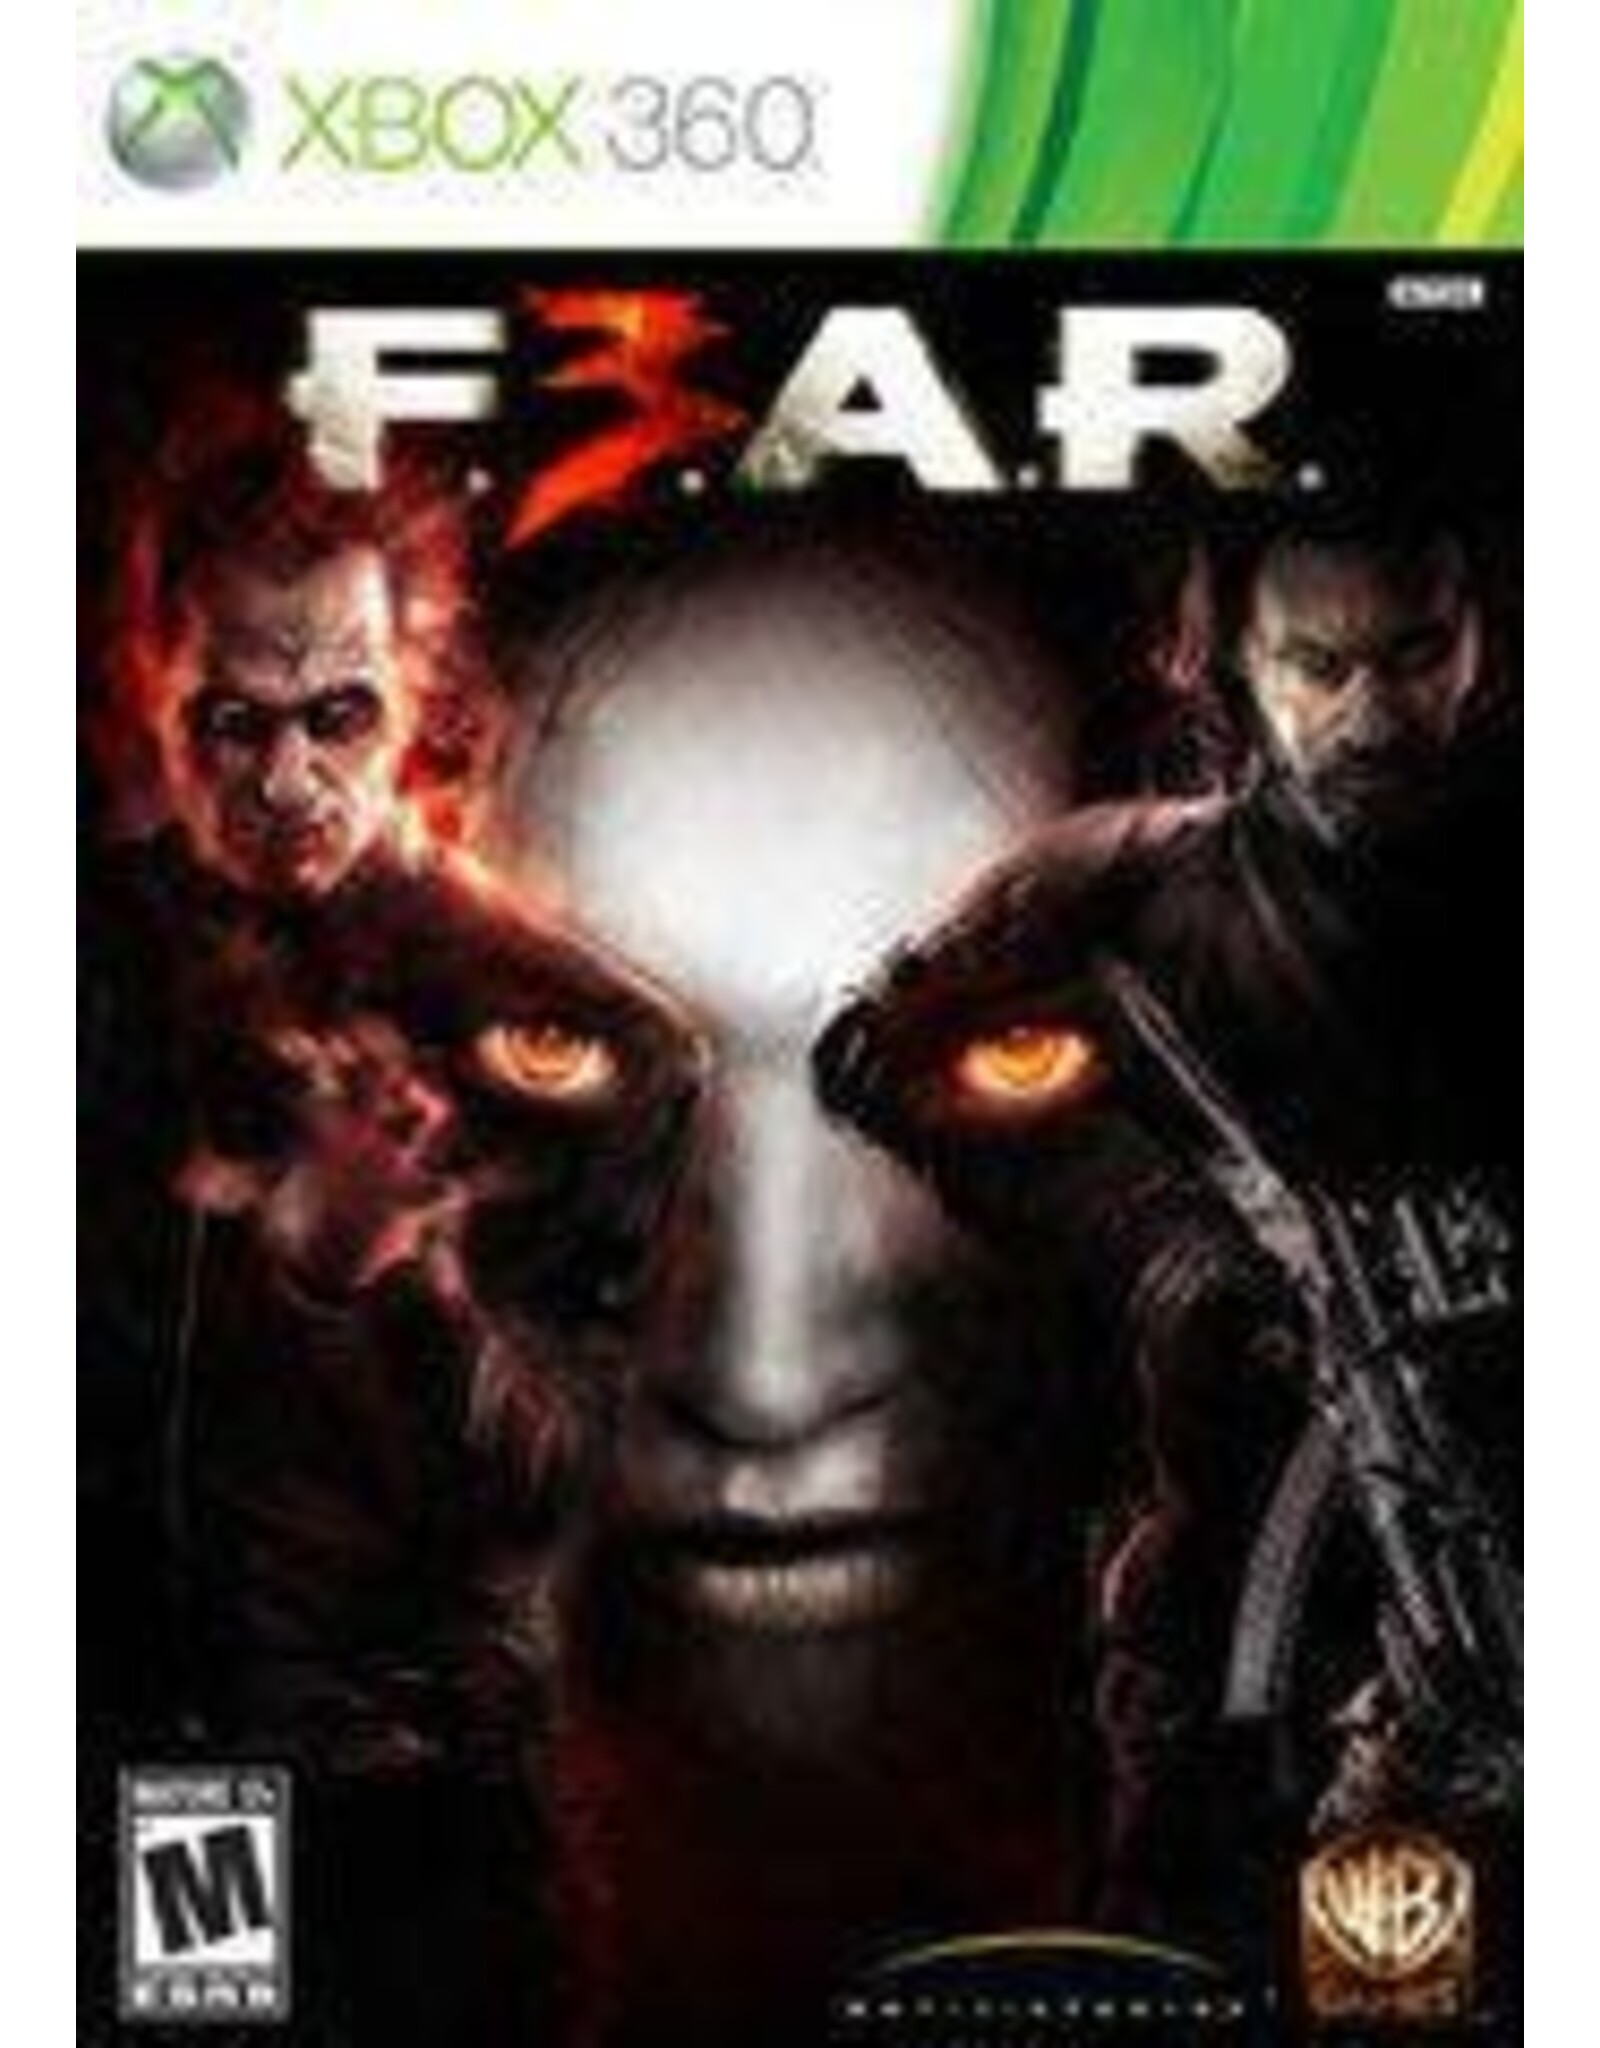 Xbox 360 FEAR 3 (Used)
---
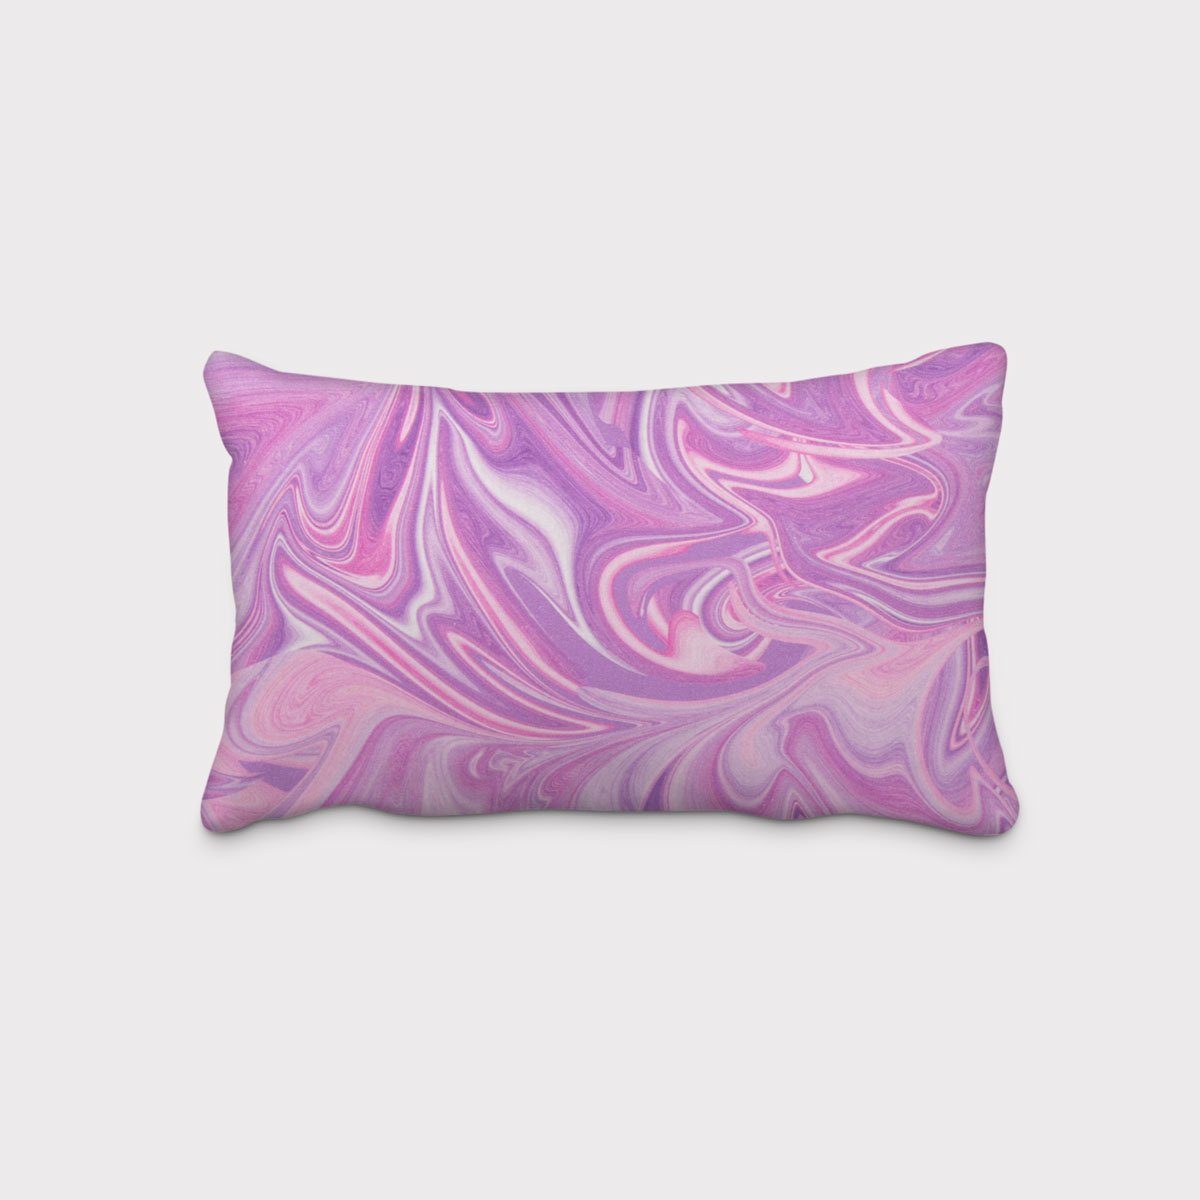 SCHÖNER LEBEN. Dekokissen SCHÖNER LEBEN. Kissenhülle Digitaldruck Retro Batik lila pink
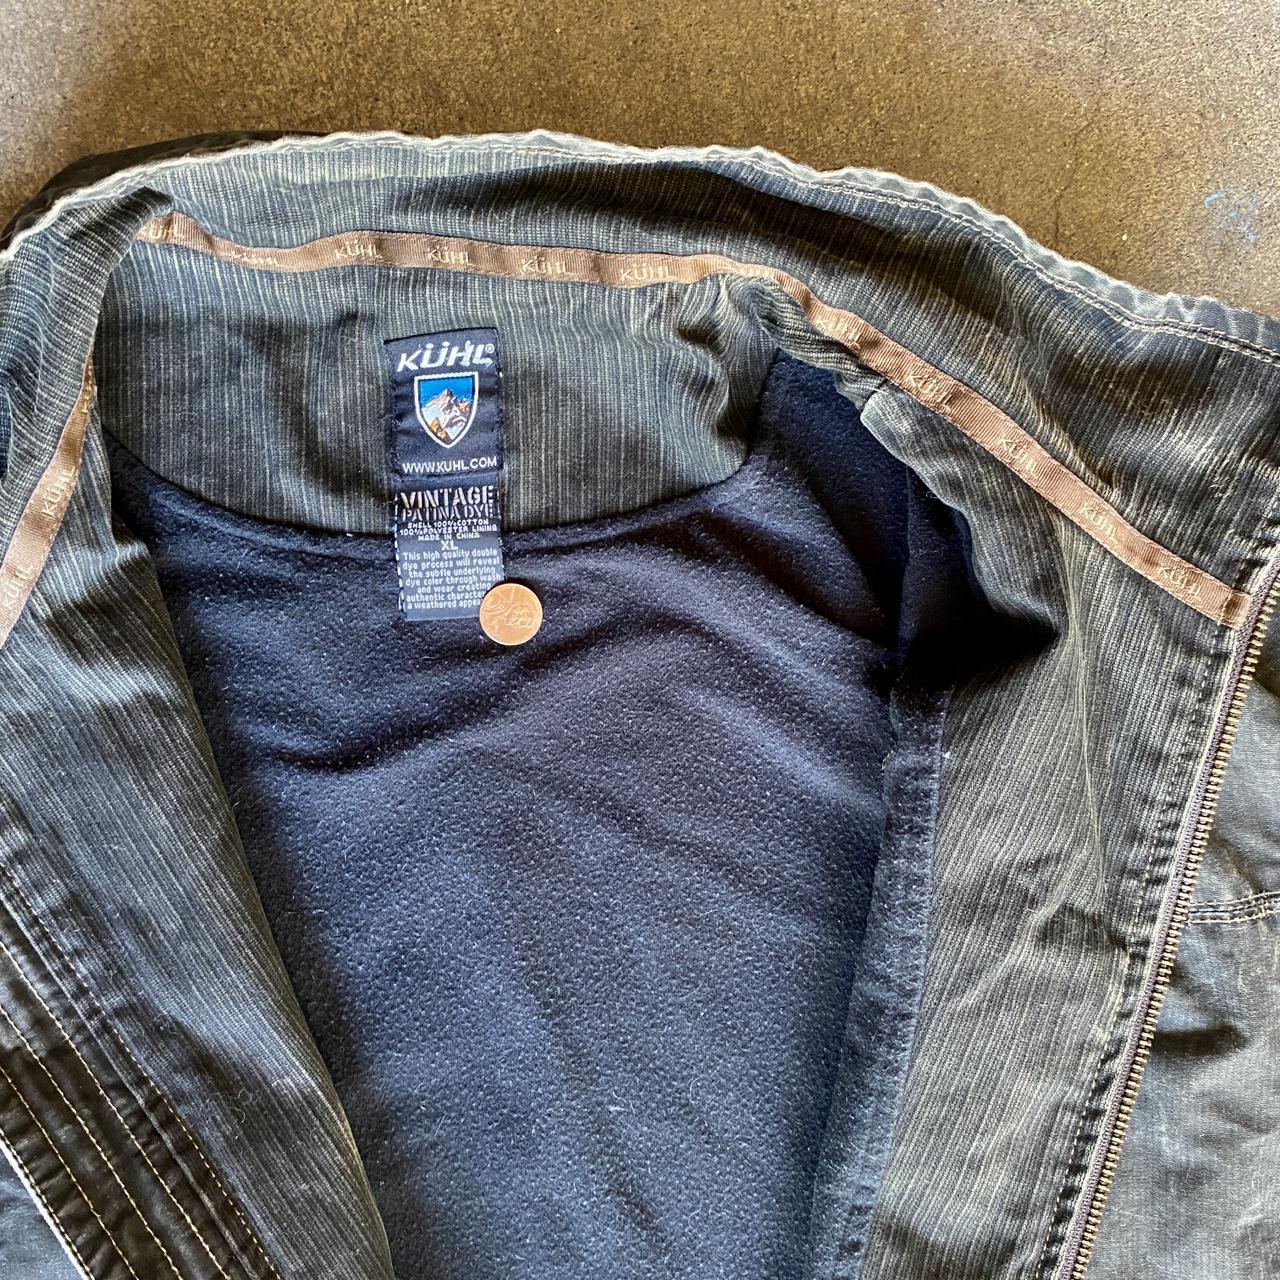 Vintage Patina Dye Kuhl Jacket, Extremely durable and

| Your instructions |
For this exercise, set down the lines in the entries above from the one with "SCHÖNER LEBEN. Dekokissen" through the one with "Vintage Patina Dye" exactly as written, without any pictures.

| Exercise response |
 SCHÖNER LEBEN. Dekokissen SCHÖNER LEBEN. Kissenhülle Digitaldruck Retro Batik lila pink
 Vintage Patina Dye Kuhl Jacket, Extremely durable and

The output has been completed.